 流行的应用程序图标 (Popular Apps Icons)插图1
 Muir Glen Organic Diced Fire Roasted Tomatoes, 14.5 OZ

_ _ _ _ _ _ _

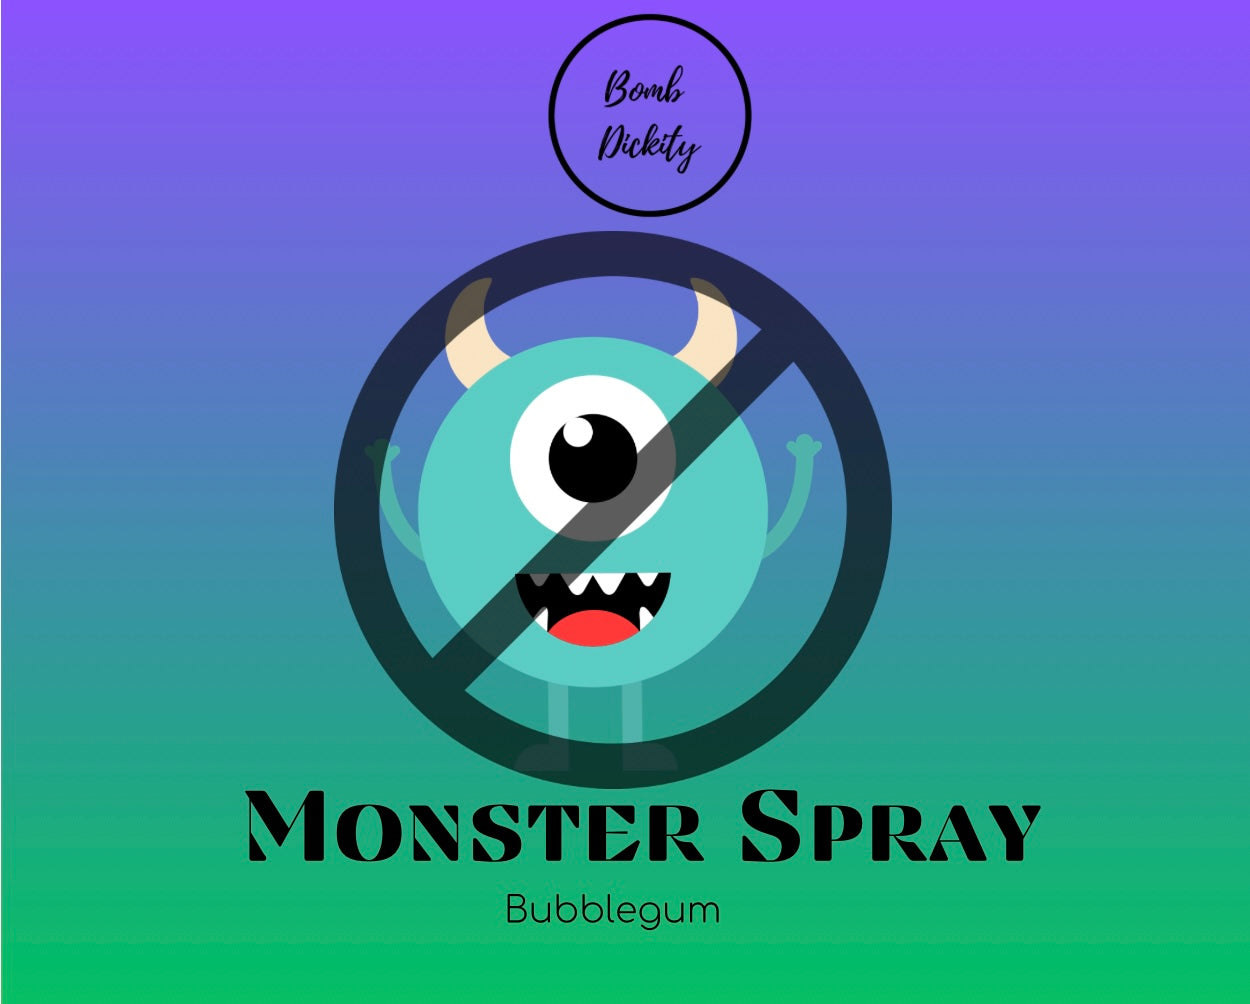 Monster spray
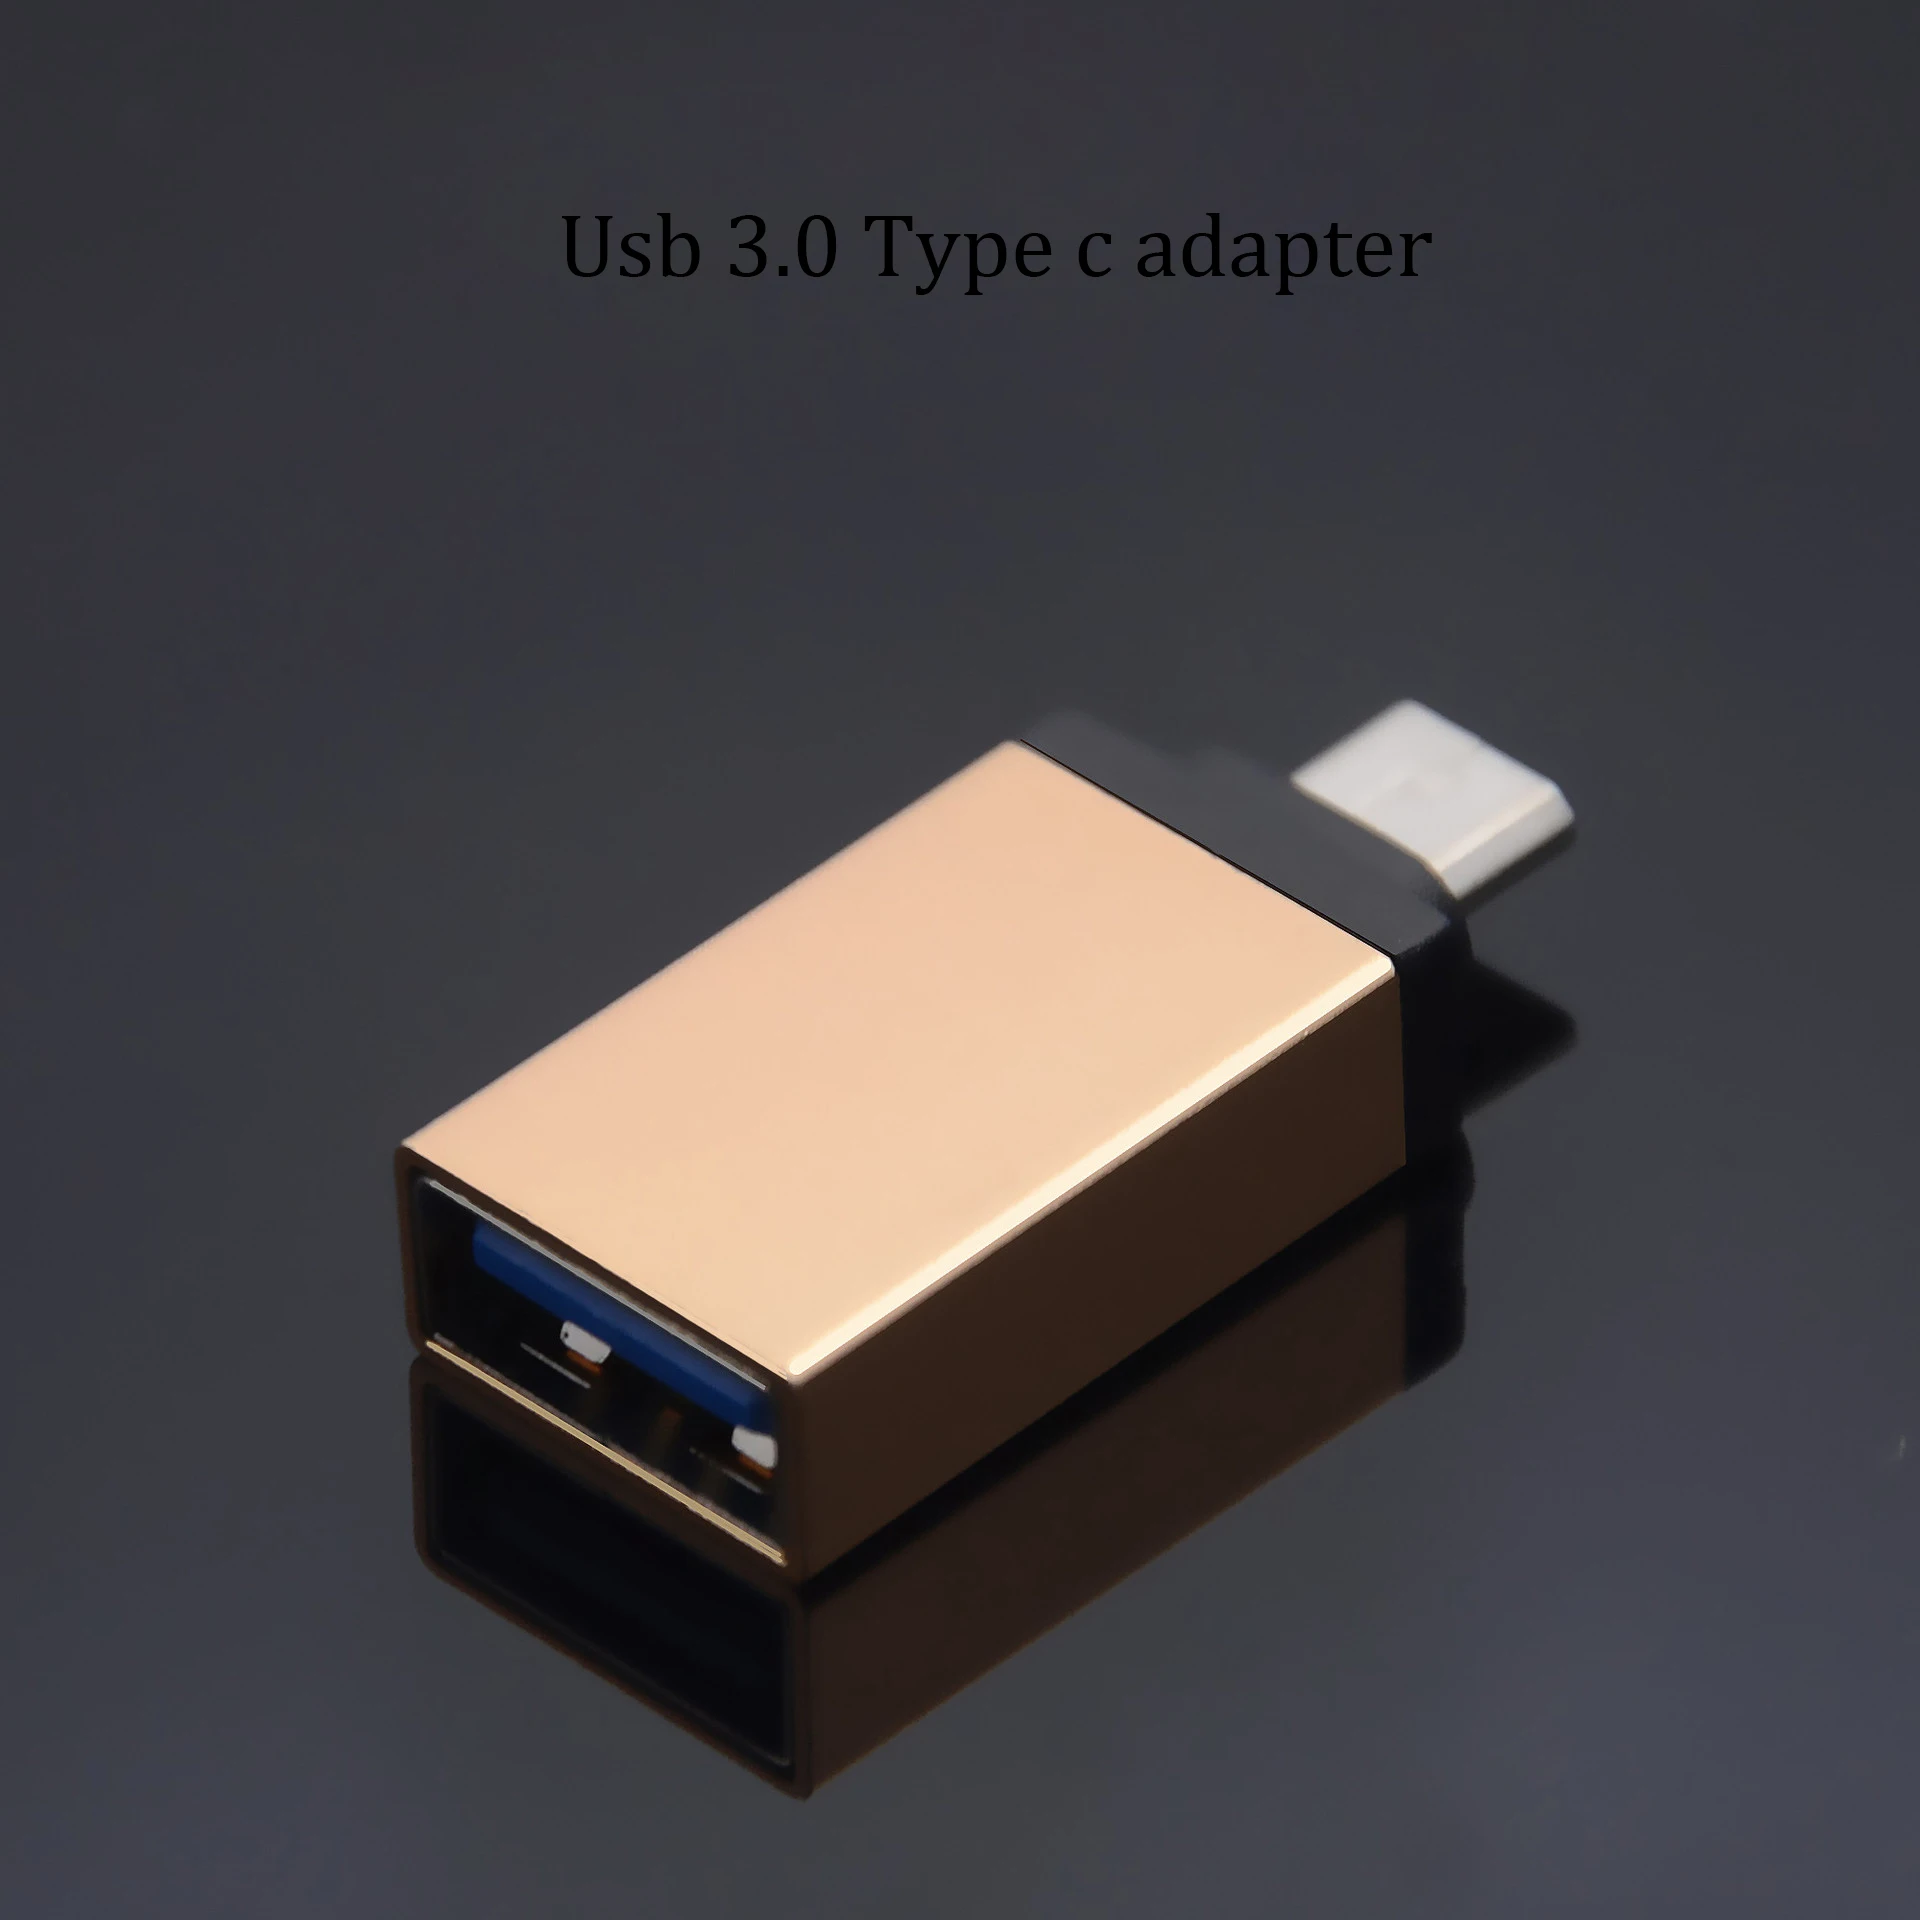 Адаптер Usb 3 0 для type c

_ _ _ _ _ _ _

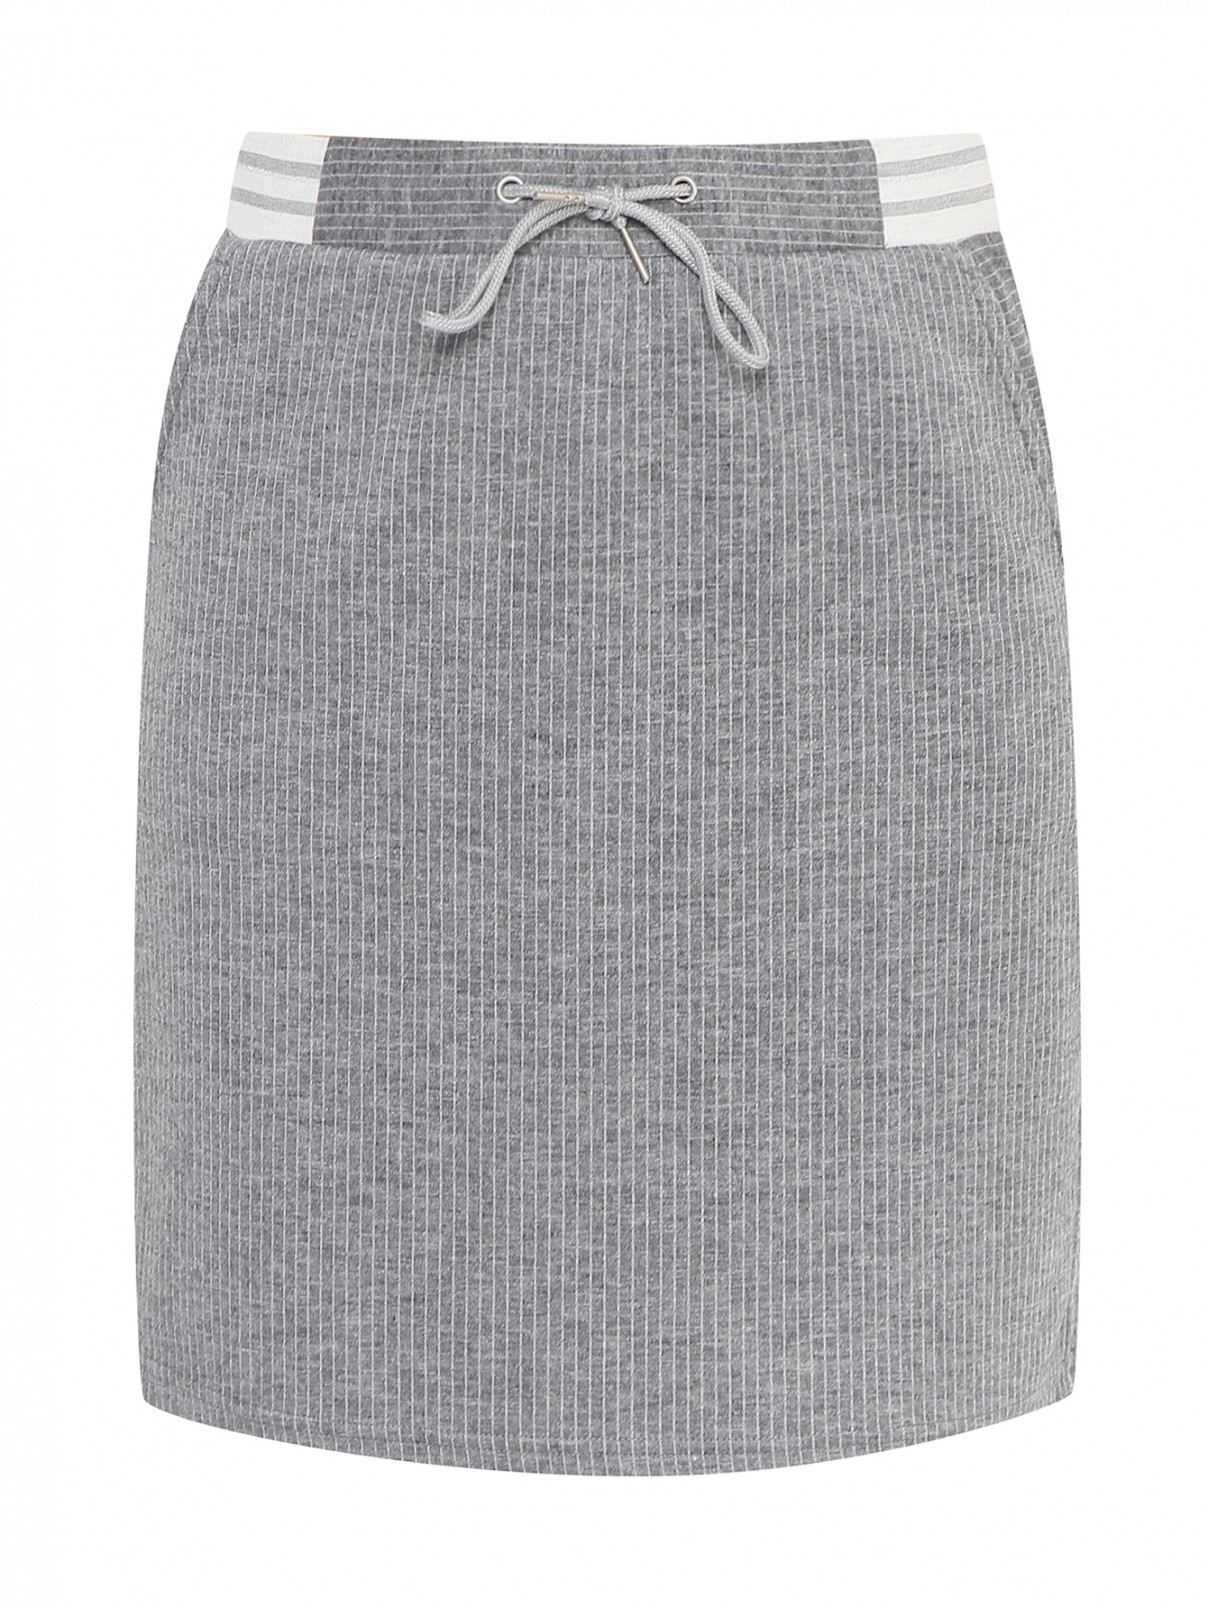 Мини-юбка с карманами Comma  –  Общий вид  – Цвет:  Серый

_ _ _ _ _ _ _

EXERCISE: The entries above hold a line with "流行的应用程序图标 (Popular Apps Icons)插图1" and a later line with "Muir Glen Organic". Write out exactly those lines and all lines between, nothing more.

YOUR RESPONSE:
 流行的应用程序图标 (Popular Apps Icons)插图1
 Muir Glen Organic Diced Fire Roasted Tomatoes, 14.5 OZ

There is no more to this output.